Ok á síðu sverði beitti
mér öflugr fyr mjöðm ofan,
en í aðra atgeir lagði
köldum broddi, svá at á kafi yddi;
þau sér merki á mér gróin.
Ok öflugr beitti sverði á síðu mér fyr ofan mjöðm, en lagði atgeir í aðra köldum broddi, svá at yddi á kafi; sér þau merki gróin á mér.
And the powerful one thrust his sword into my side above one hip and plunged his halberd into the other with its cold point, so that it penetrated right through [me]; those scars are visible healed on me.
Mss: 590b-cˣ(4v), 152(199ra) (Gautr)
Readings: [8] at: om. 152; yddi: stóð 152 [9] sér: so 152, sér þú 590b‑cˣ
Editions: Skj AII, 326-7, Skj BII, 346, Skald II, 186-7; FSN 3, 24, Gautr 1900, 21, FSGJ 4, 20-1; Edd. Min. 40.
Context: As for Gautr 21.
Notes: [All]: A stanza of ten lines rather than the standard eight. Edd. Min. and Skj B place the last two lines in parentheses. — [3]: This line is in kviðuháttr. — [3] öflugr ‘the powerful one’: The reading of both mss.
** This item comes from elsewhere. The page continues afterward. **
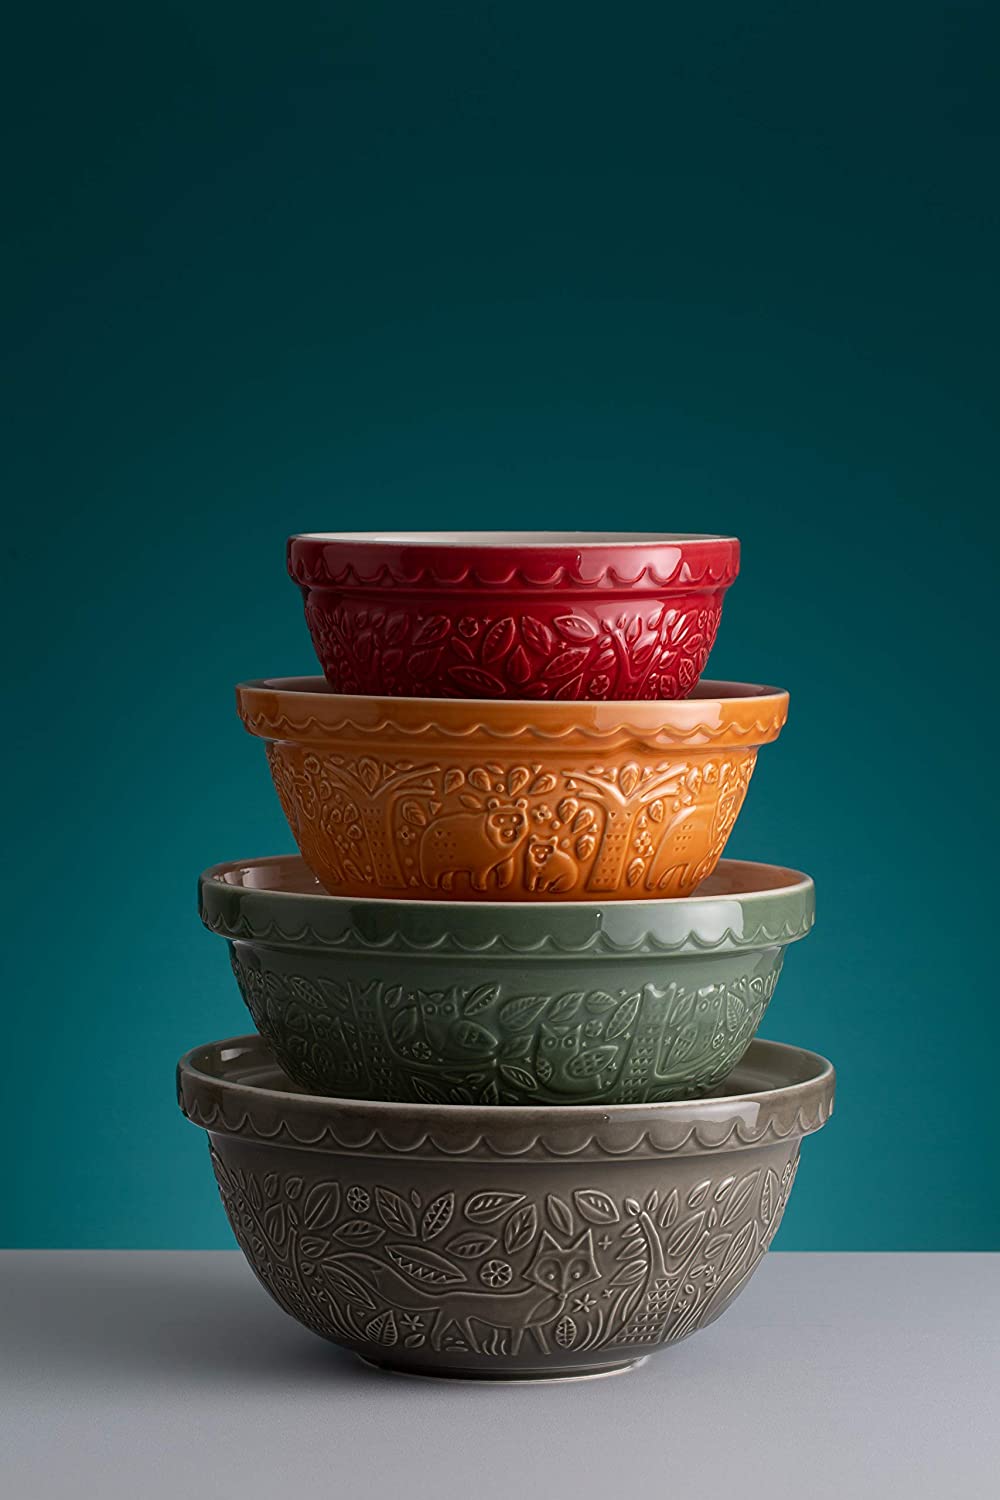 stack of mixing bowls on grey counter with teal background.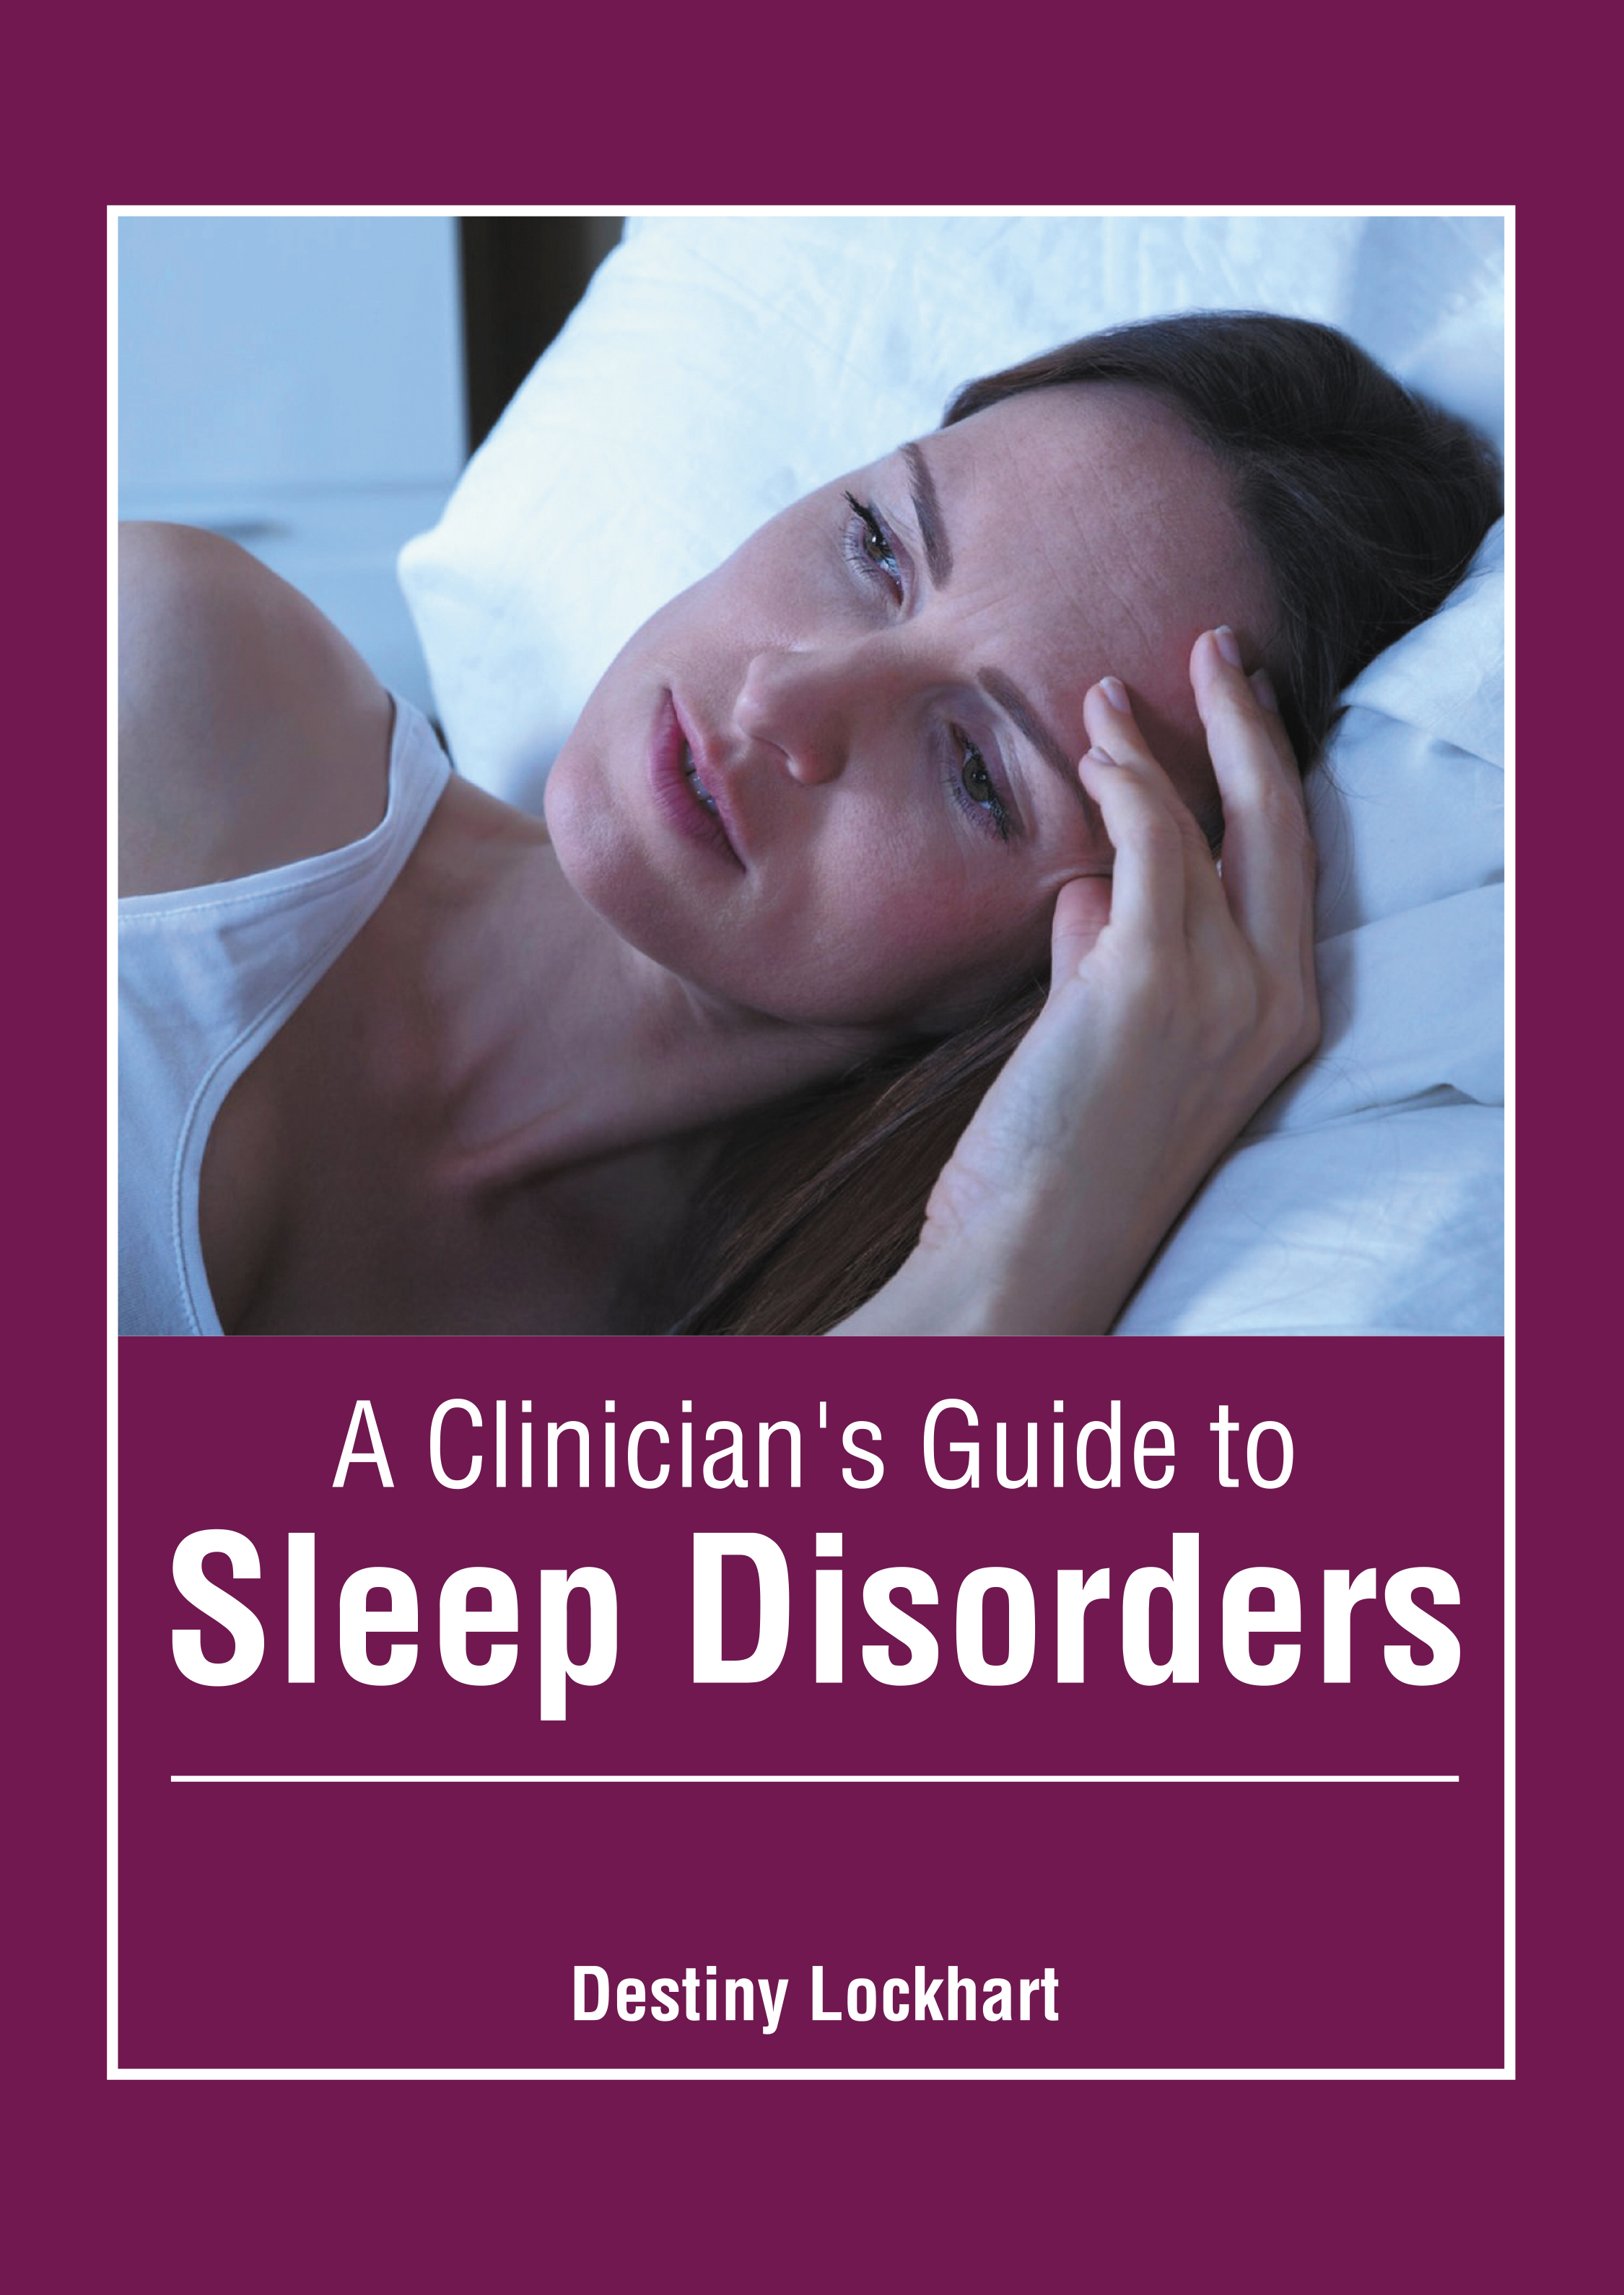 A CLINICIAN'S GUIDE TO SLEEP DISORDERS- ISBN: 9781639270873

Skj B and Skald emend to öflugri ‘more powerful’, doubtless to produce a more regular line, and construe it with mér ‘more powerful than me’. — [8] yddi á kafi ‘it penetrated right through [me]’: The idiom ydda á kafi means that a weapon goes right through its victim and comes out the other side. Yddi is the lectio difficilior beside 152’s stóð ‘stood, was’. — [9] sér ‘are visible’: Understood as the 3rd pers. sg. of the pres. indic. of sjá ‘see’ used impersonally. It is also possible (and the scribe of 590b-cˣ must have thought so) that sér is 2nd pers. sg. pres. indic. ‘you see’.